*** SOURCE RECORDS Section Begins ***

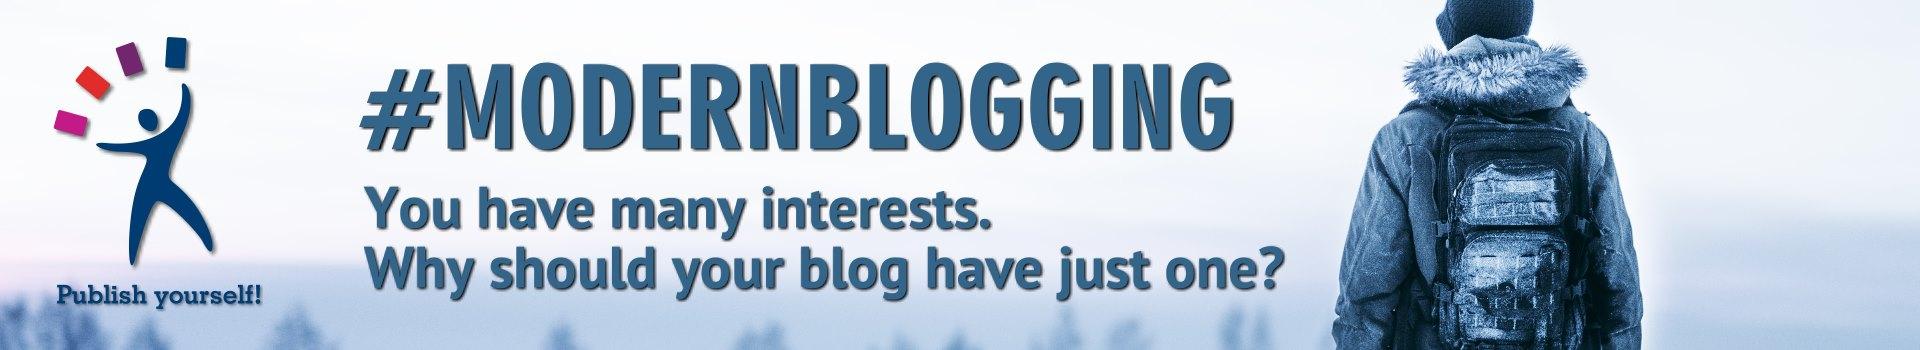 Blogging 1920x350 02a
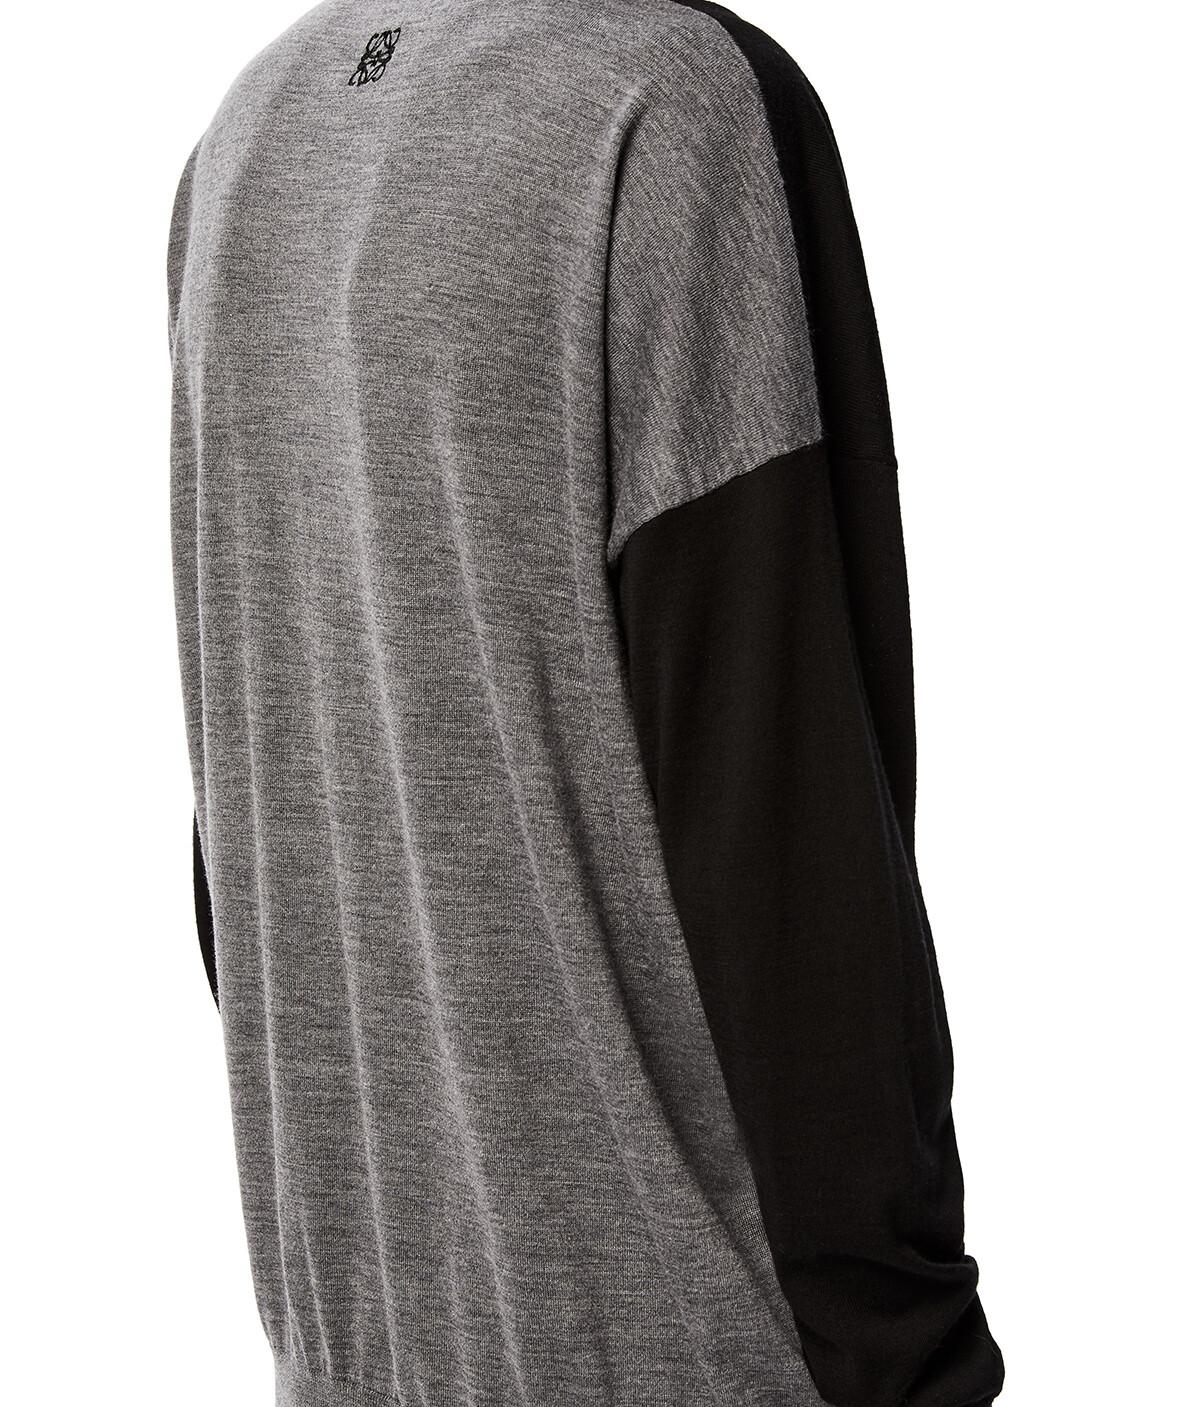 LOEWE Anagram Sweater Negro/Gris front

*** SOURCE RECORDS Section Ends ***
*** SOURCE RECORDS Section Begins ***

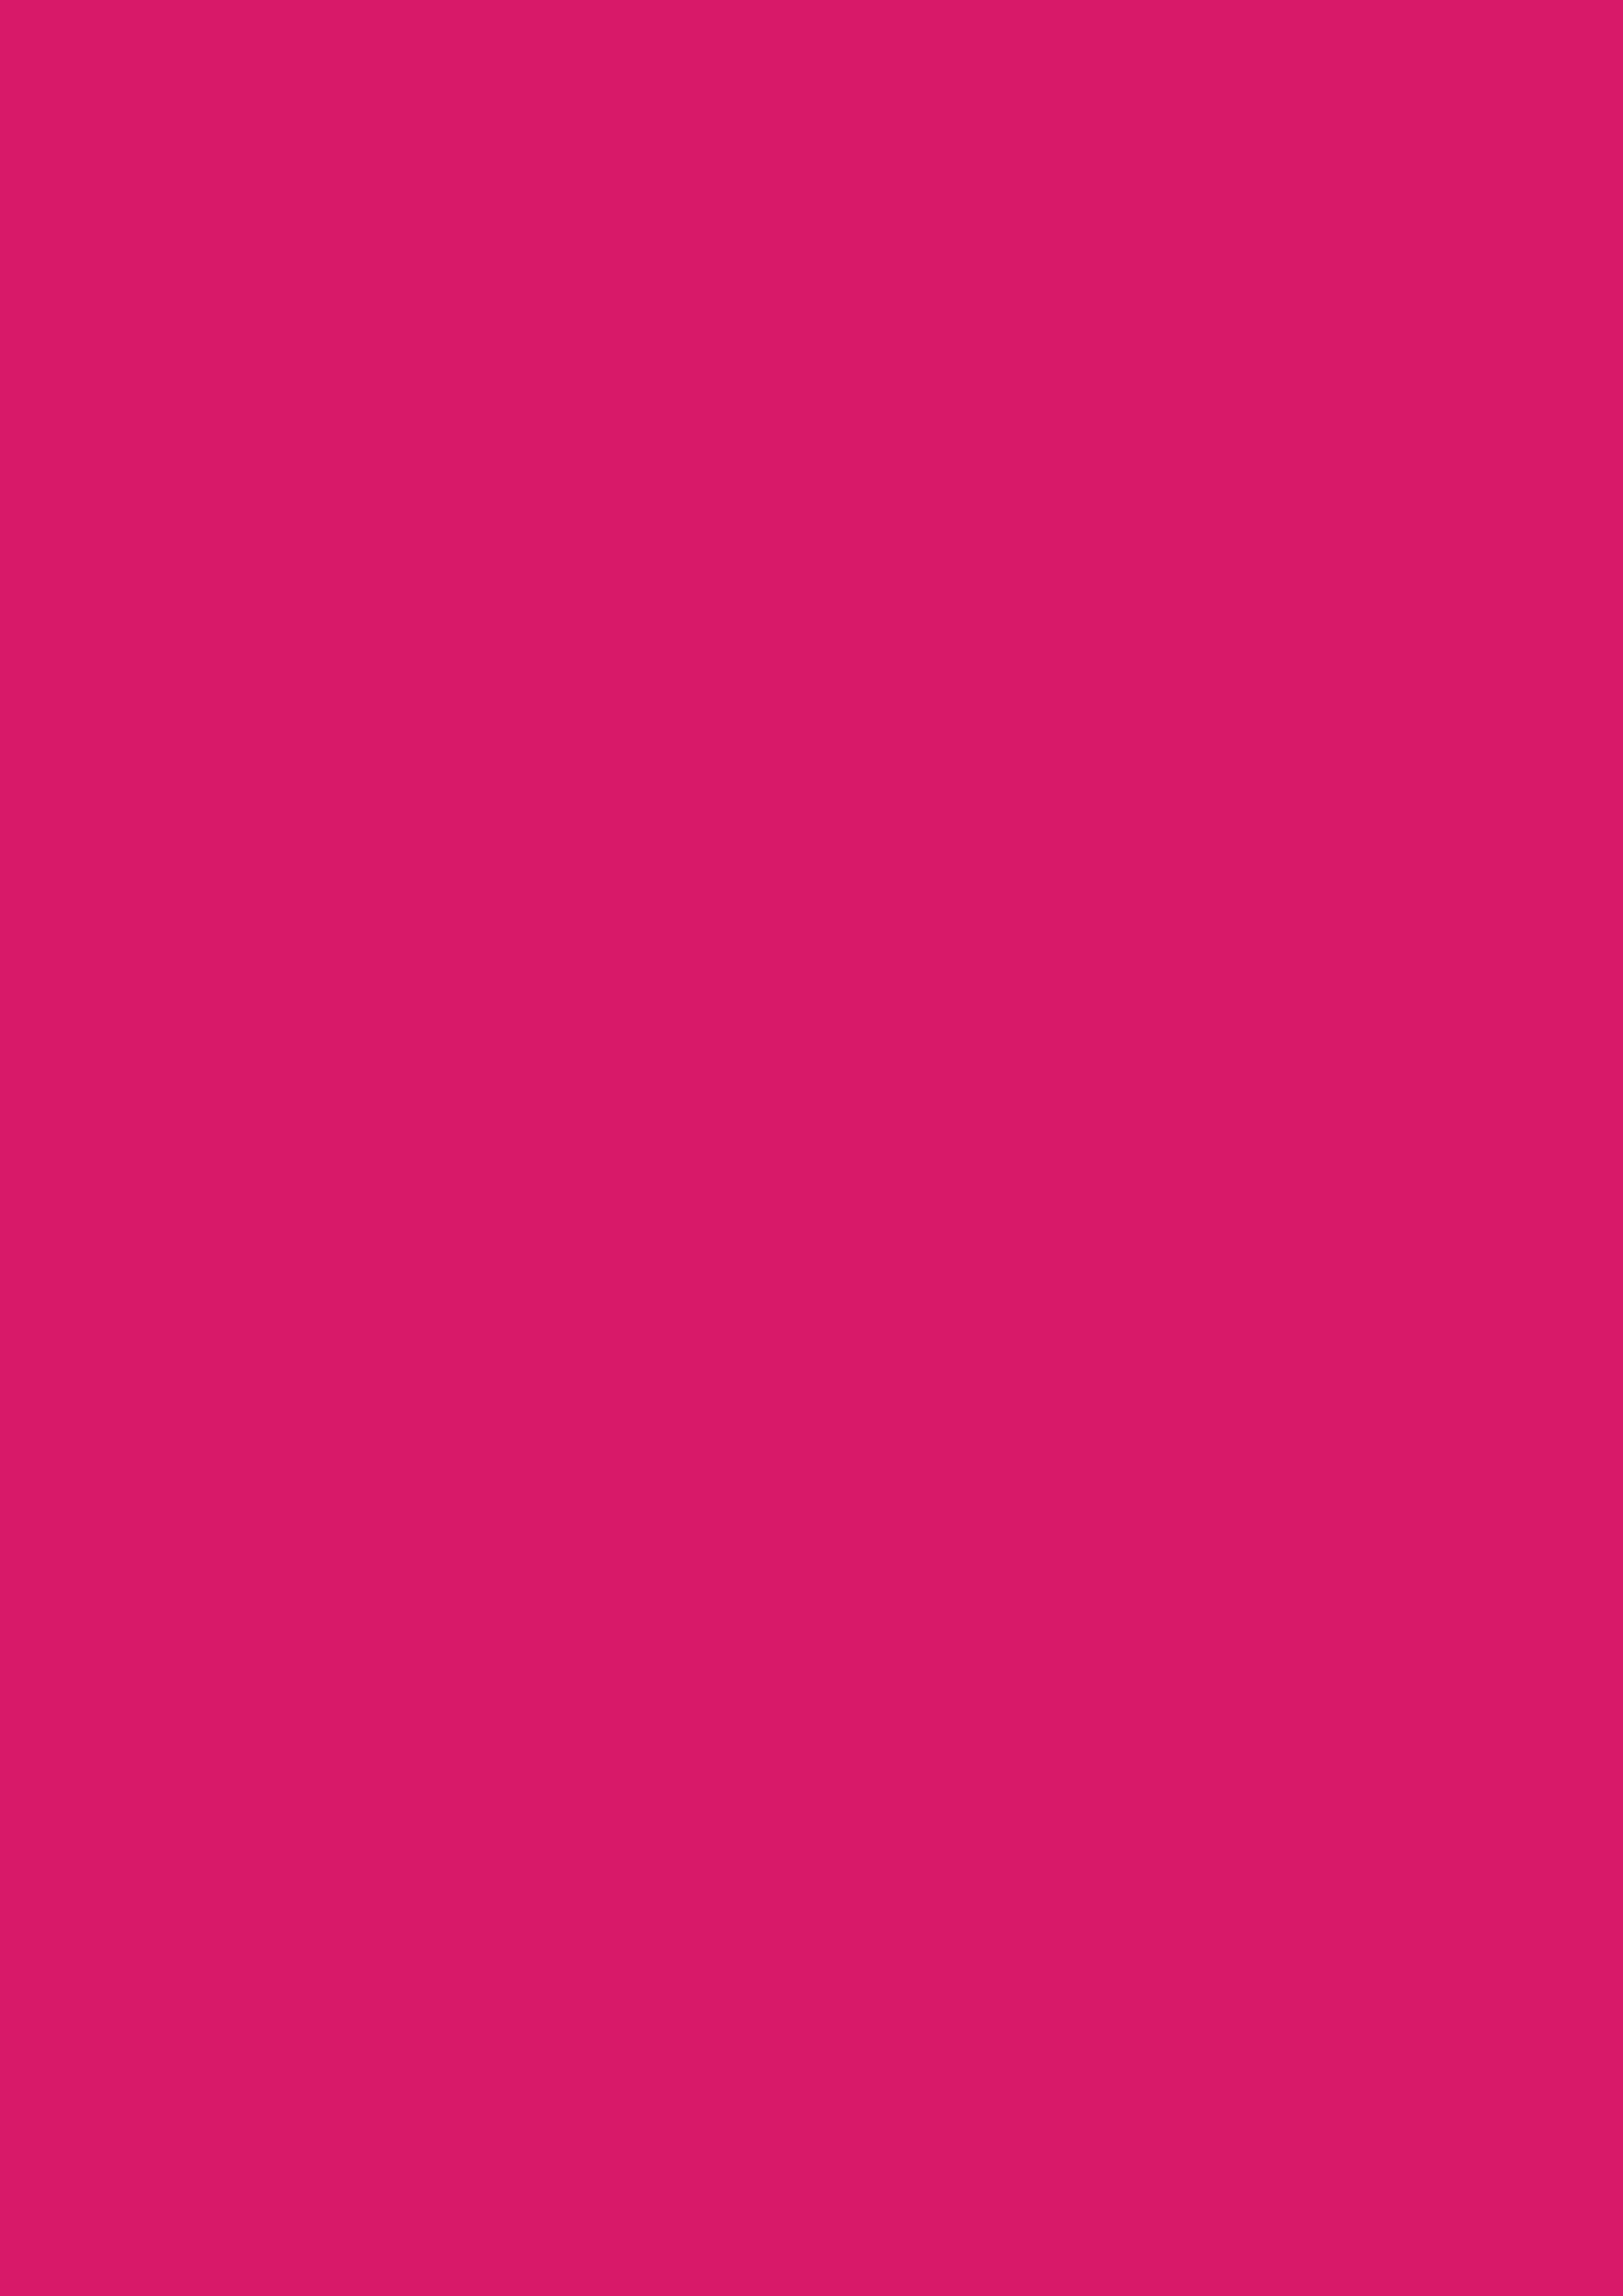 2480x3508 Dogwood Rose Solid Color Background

*** SOURCE RECORDS Section Ends ***

EXERCISE AIM →
Start with the line with "Blogging 1920x350 02a" in the listing above and stop after the line with "LOEWE Anagram Sweater Negro/Gris front". Write out exactly the lines in that stretch and no others, without pictures.

REPLY →
 Blogging 1920x350 02a
 LOEWE Anagram Sweater Negro/Gris front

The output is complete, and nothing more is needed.